Base Auth grown up to 0.2
December 5th, 2008
A long, long time ago (a year in Rails world is almost a geological period) Robzon has published and announced Base Auth, his first serious Rails plugin. "Base" actually stands for "Best Authorization System Ever" and while it's of course tongue-in-cheek, simplicity and power of this plugin are sometimes simply stunning. We've been using it in most of our projects here and not only because Robzon is one of the founders and bosses ;)
I didn't like some of the approach that Base Auth forced on programmer, namely putting everything in filter and throwing the whole burden of authorization on controller's back. I want to keep my controllers thin and put as much as possible into the model, goddamit! For a few weeks now I've been trying to convince Robzon to add model-based authorization to Base Auth, preferably using as much common code with already implemented controller-based authorization as possible. After some perseverance I finally heard "YOU can implement it, especially since we moved base_auth to Github" and after getting such green light there wasn't much more to do than just sit and implement what I wanted to see there.

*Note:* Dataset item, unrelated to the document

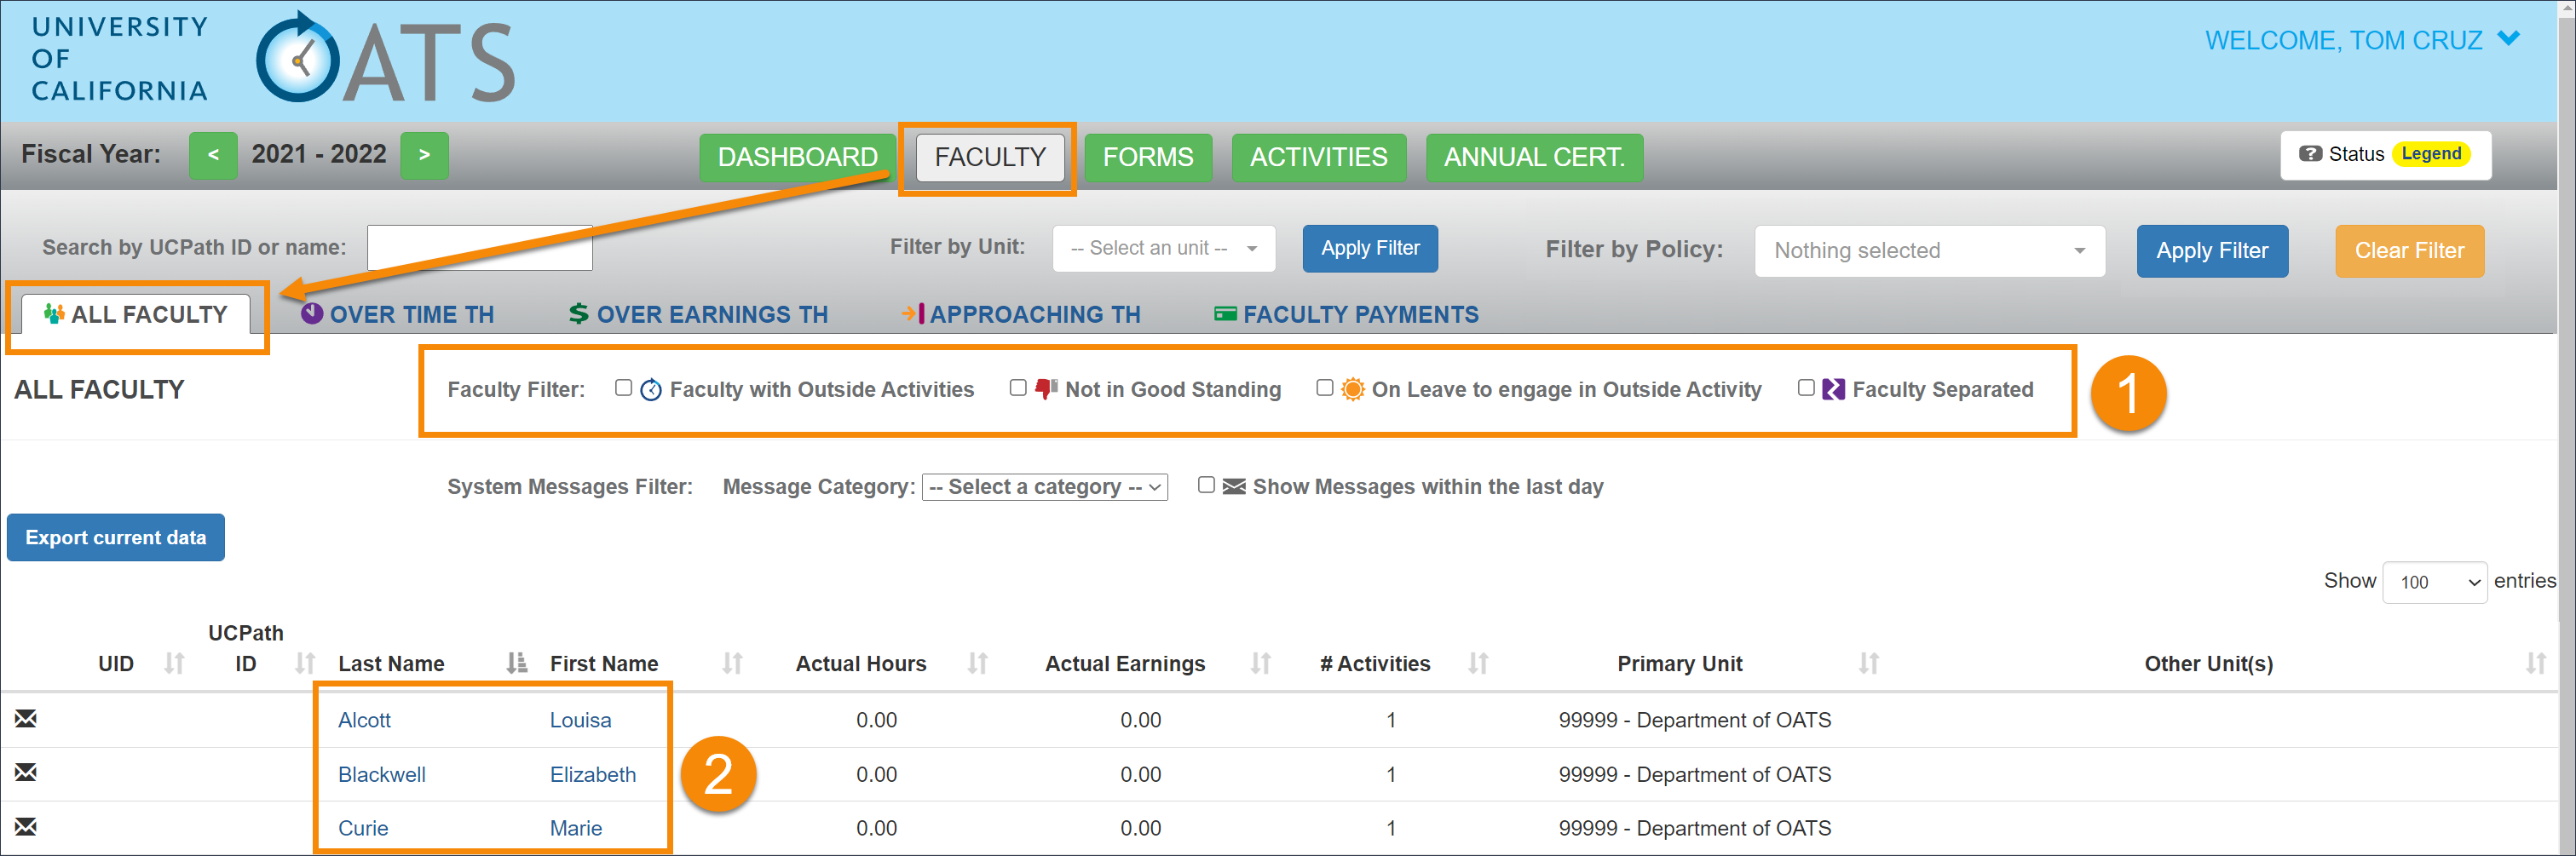 faculty tab that displays all faculty within the selected department/unit with filter options

So there it is: Base Auth 0.2, available on GitHub, has now a pretty simple yet powerful and extensible support for model-based authorization. Just install, check and define Model#authorize (if default implementation doesn't suit you) and use model-based authorization this way:
Class ItemsController < ApplicationController
def edit
@item = Item.find(params[:id]).authorize!(current_user)
end
end
Of course it's just the tip of an iceberg, as there's the whole world of controller-based and views-usable authorization methods available in Base Auth, of course compatible and interchangeable with the model-based one. Read the README and wait for a full tutorial here.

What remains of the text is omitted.